Terry Fox Laboratory, BC Cancer Agency, Vancouver, Canada.
Bioinformatics. 2018 Aug 1;34(15):2687-2689. doi: 10.1093/bioinformatics/bty136.
Droplet digital PCR (ddPCR) is an emerging technology for quantifying DNA. By partitioning the target DNA into ∼20 000 droplets, each serving as its own PCR reaction compartment, a very high sensitivity of DNA quantification can be achieved. However, manual analysis of the data is time consuming and algorithms for automated analysis of non-orthogonal, multiplexed ddPCR data are unavailable, presenting a major bottleneck for the advancement of ddPCR transitioning from low-throughput to high-throughput.
ddPCRclust is an R package for automated analysis of data from Bio-Rad's droplet digital PCR systems (QX100 and QX200). It can automatically analyze and visualize multiplexed ddPCR experiments with up to four targets per reaction. Results are on par with manual analysis, but only take minutes to compute instead of hours. The accompanying Shiny app ddPCRvis provides easy access to the functionalities of ddPCRclust through a web-browser based GUI.

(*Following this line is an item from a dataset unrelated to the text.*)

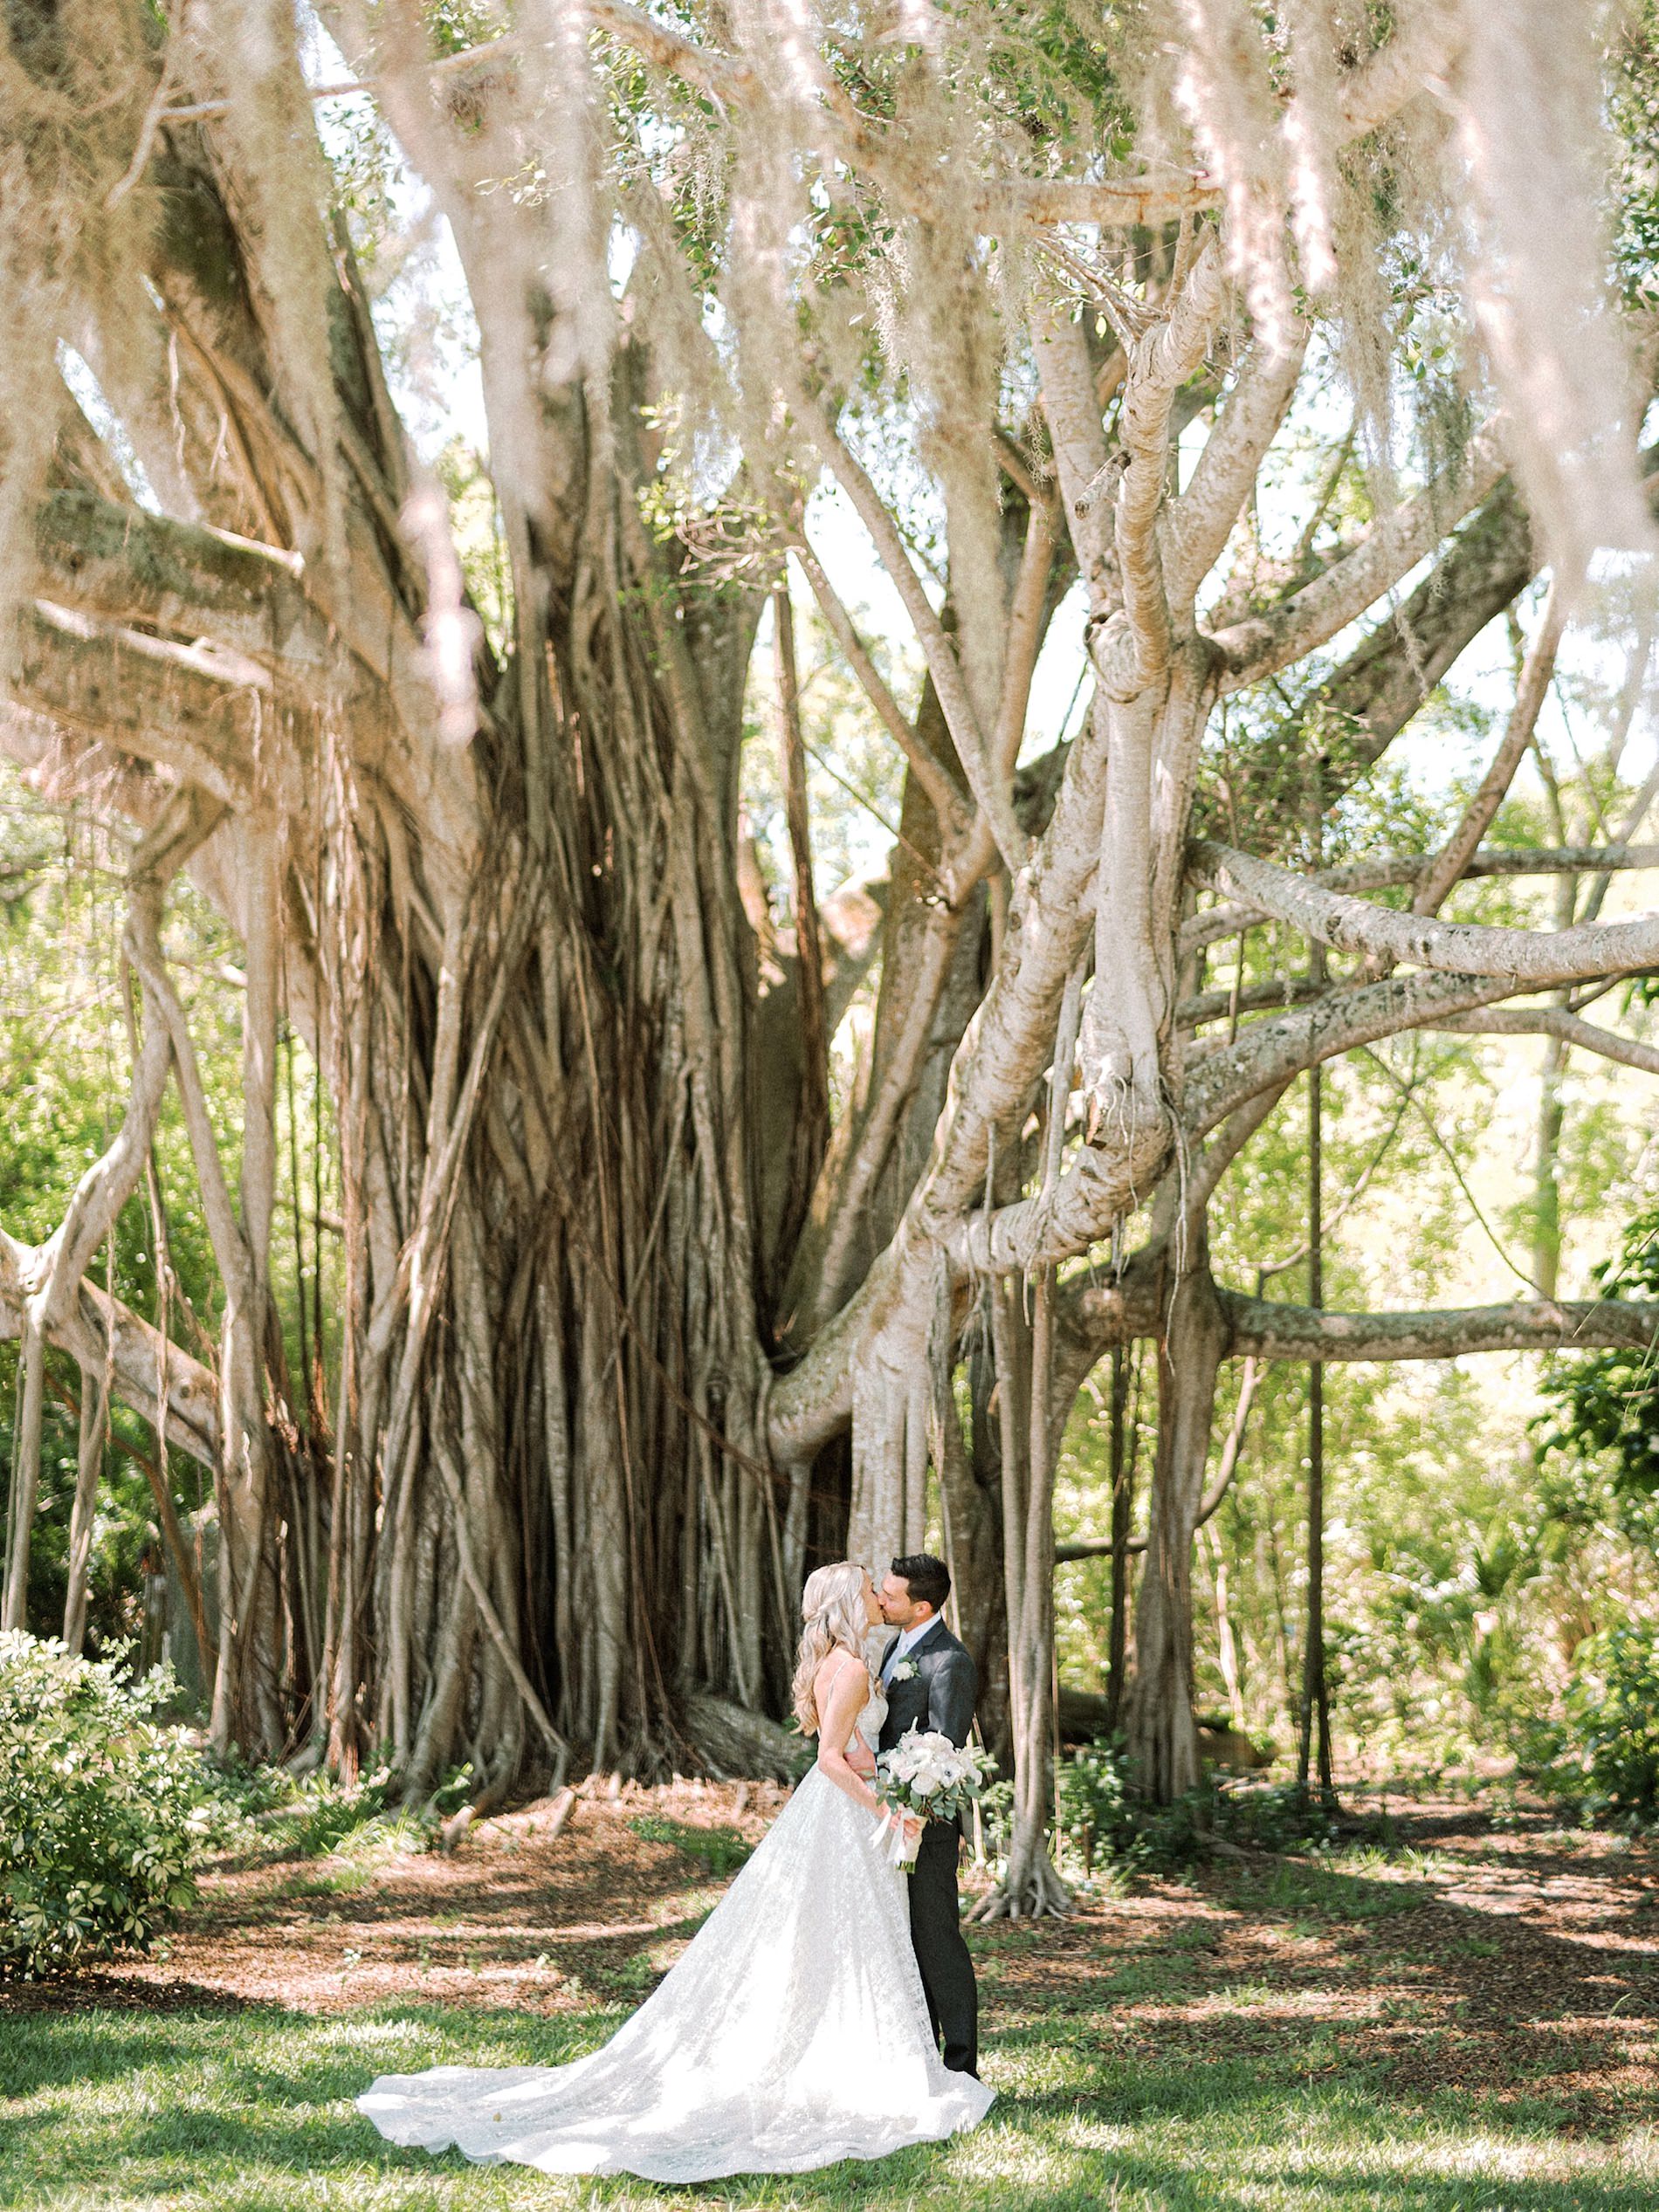 Outdoor Romantic Bride and Groom Wedding Portrait Under Banyan Tree

R package: https://github.com/bgbrink/ddPCRclust; Interface: https://github.com/bgbrink/ddPCRvis/; Web: https://bibiserv.cebitec.uni-bielefeld.de/ddPCRvis/.

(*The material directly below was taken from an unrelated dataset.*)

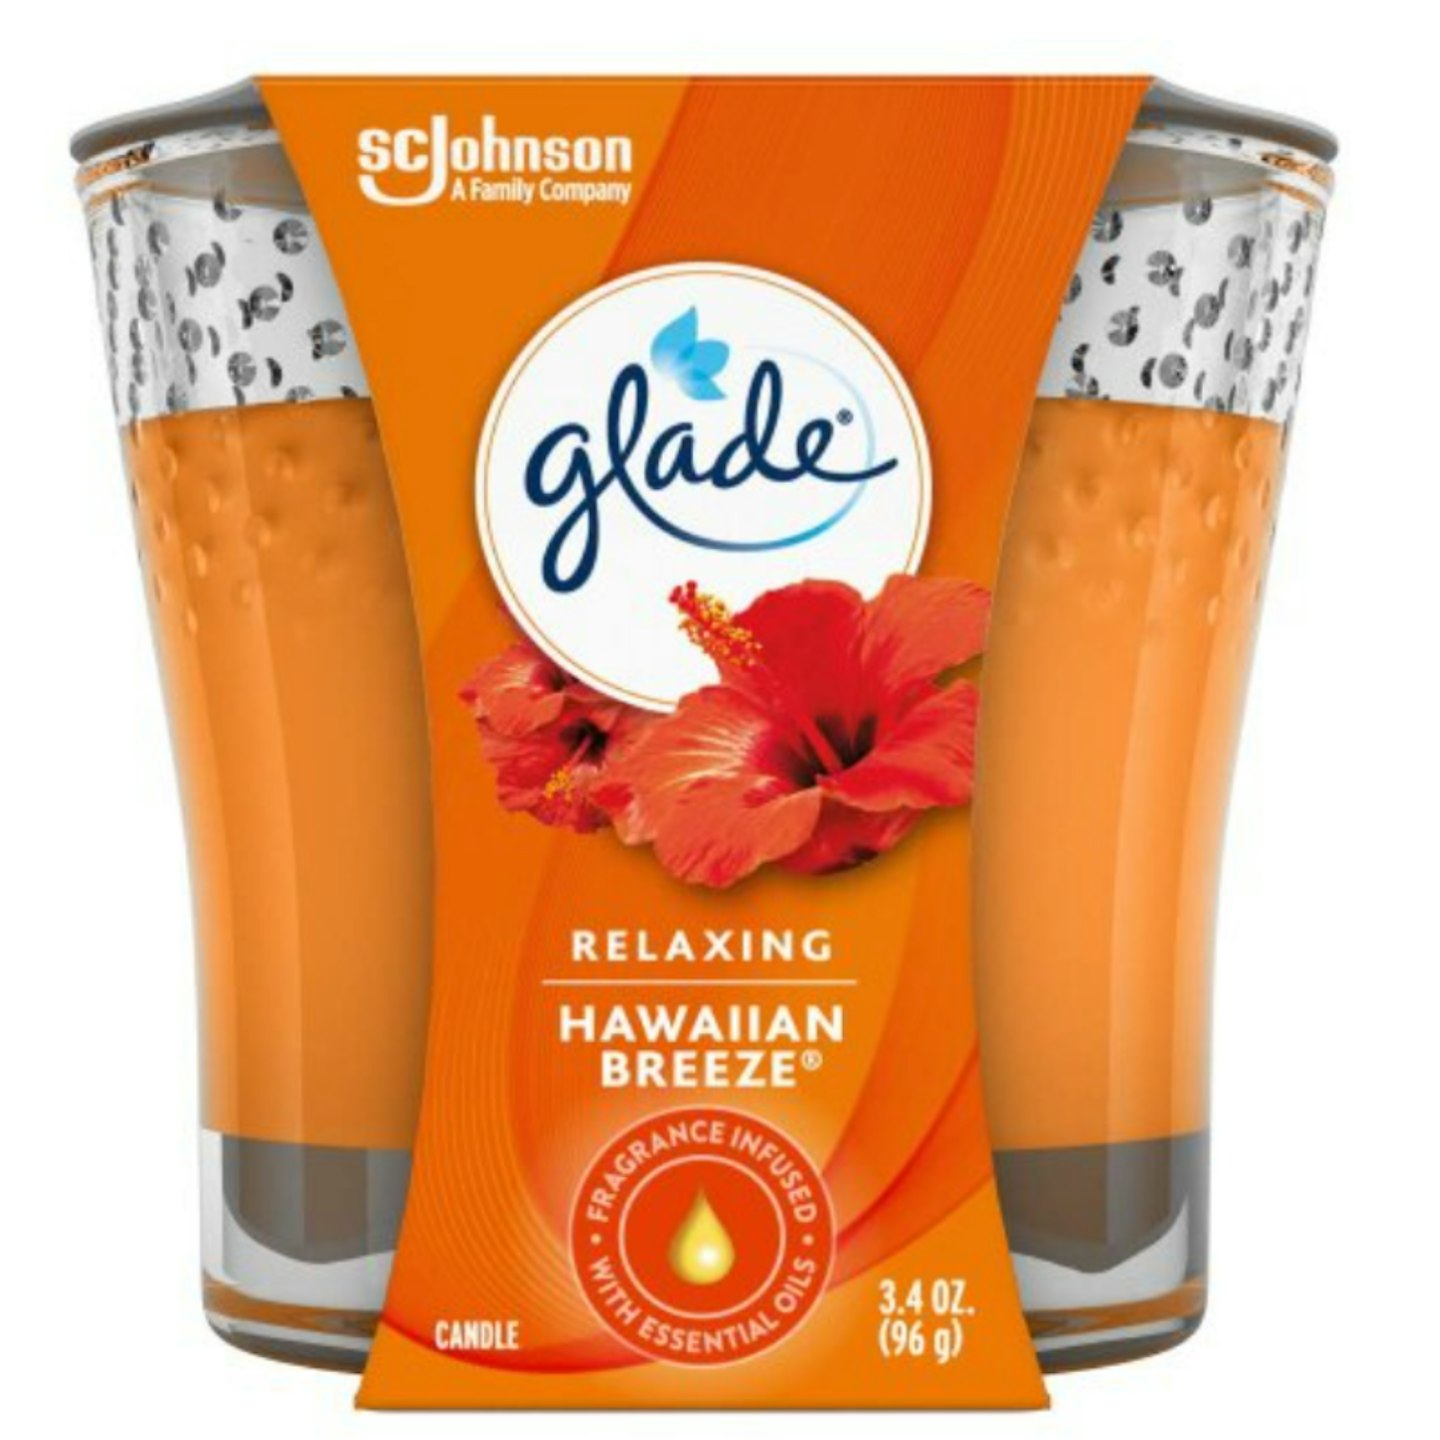 Glade Candle Jar, Air Freshener, Hawaiian Breeze, 3.4 Oz

Supplementary data are available at Bioinformatics online.
液滴数字 PCR(ddPCR)是一种新兴的 DNA 定量技术。通过将目标 DNA 分割成约 20000 个液滴,每个液滴作为其自身的 PCR 反应室,可以实现非常高的 DNA 定量灵敏度。然而,手动分析数据非常耗时,并且没有用于分析非正交、多重 ddPCR 数据的算法,这成为了 ddPCR 从低通量向高通量转变的主要瓶颈。
ddPCRclust 是一个用于分析 Bio-Rad 的液滴数字 PCR 系统(QX100 和 QX200)数据的 R 包。它可以自动分析和可视化每个反应多达四个靶标的多重 ddPCR 实验。结果与手动分析相当,但计算时间只需几分钟,而不是数小时。随附的 Shiny 应用程序 ddPCRvis 通过基于 Web 浏览器的 GUI 提供了对 ddPCRclust 功能的轻松访问。
补充数据可在生物信息学在线获得。